Лишь услышав, с каким выражением произнес он эти слова, Миглтон внезапно понял, насколько никто не верил ему. Никто, кроме отца Брауна.

И потому, заметив, что священник норовит незаметно отойти в сторону, он совсем было решился присоединиться к нему, но остановился, пораженный тем, что священника вновь привлекли эти аттракционы с механическими фигурками. Он увидел даже, как тот нащупывает монетку. Зажав ее большим и указательным пальцем, отец Браун замер, когда вновь послышался громкий, неприятный голос секретаря.

– Надеюсь, – произнес он, – чудовищные, идиотские обвинения против меня тоже закончились?
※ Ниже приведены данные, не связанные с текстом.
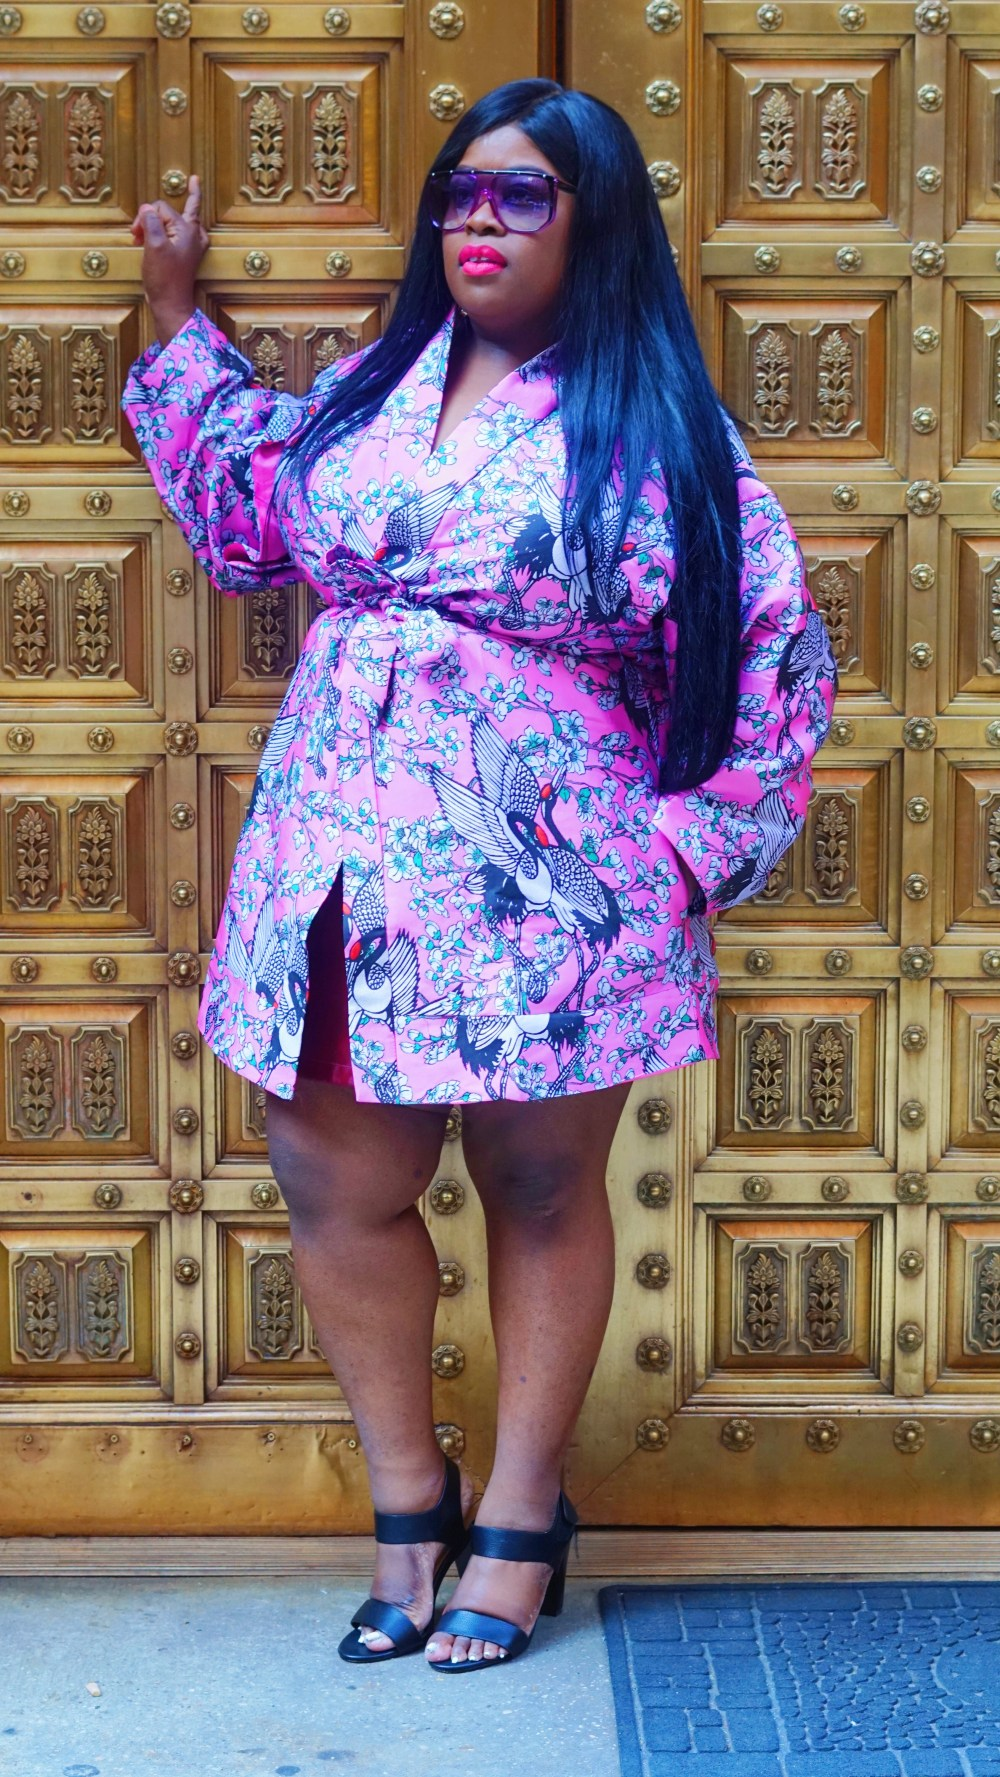 ASOS Kimono in Cherry Blossom Jacquard .....
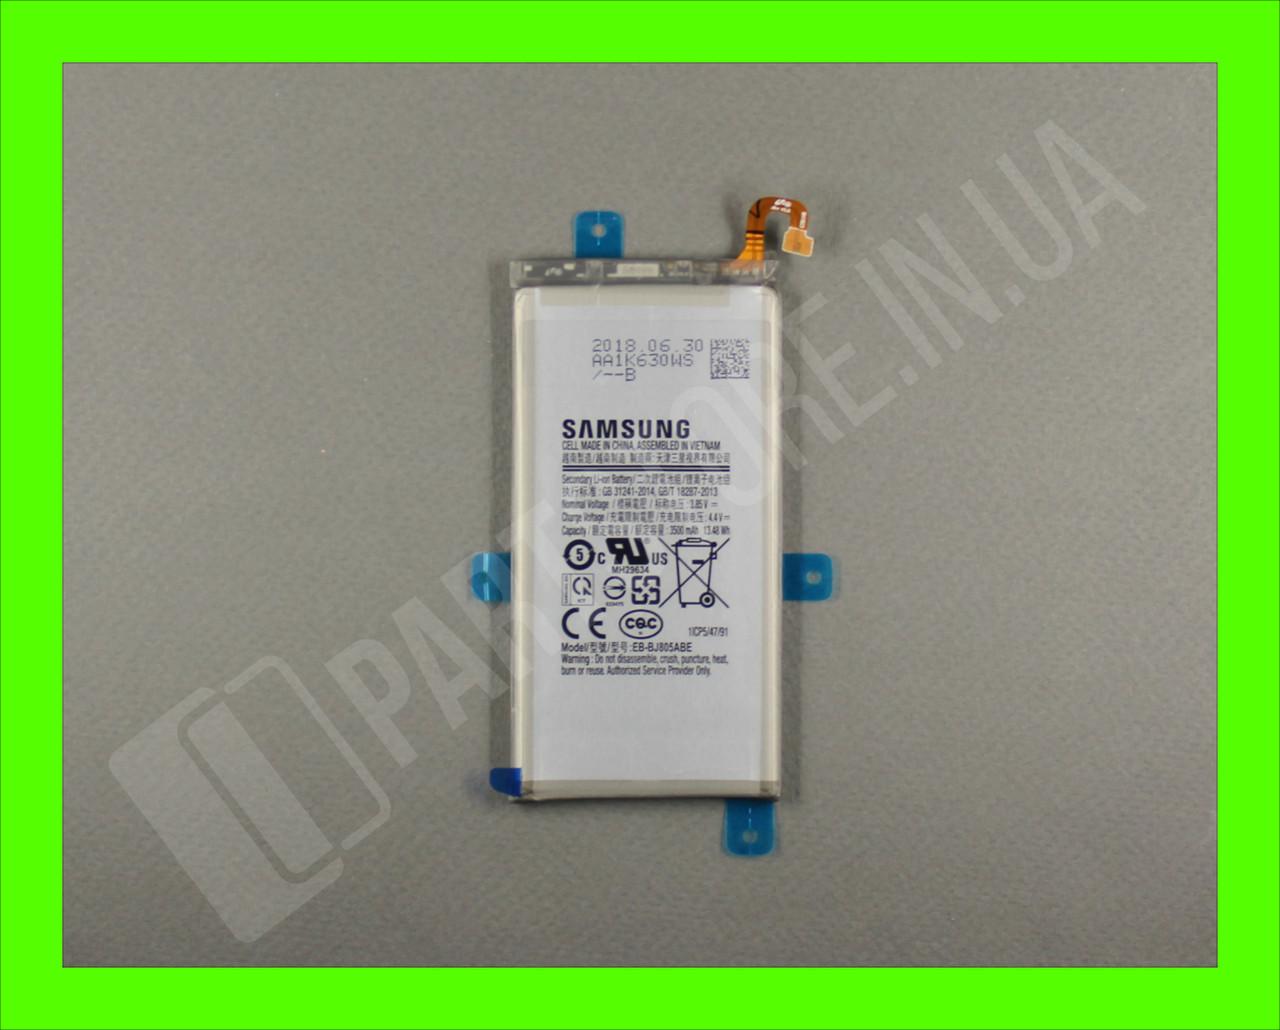 Аккумулятор Samsung j810 j8 2018 (EB-BJ805ABE) GH82-17246A сервисный оригинал

– Что вы, – ответил священник, – я никогда вас не обвинял. Я не такой уж дурак, и не думал, что вы убьете своего хозяина в Йоркшире, а теперь бродите здесь с его багажом. Я сказал, что могу набрать против вас не меньше улик, чем против Миглтона. А если вы и впрямь хотите узнать правду – уверяю вас, ее еще не совсем поняли, – могу дать вам намек из области, непосредственно вас касающейся. Мне представляется странным и значительным, что мистер Брюс нарушил привычный образ жизни и не показывался в тех местах, где его знали, за несколько недель до убийства. Поскольку вы, кажется, способный сыщик-любитель, советую вам поработать над этой линией.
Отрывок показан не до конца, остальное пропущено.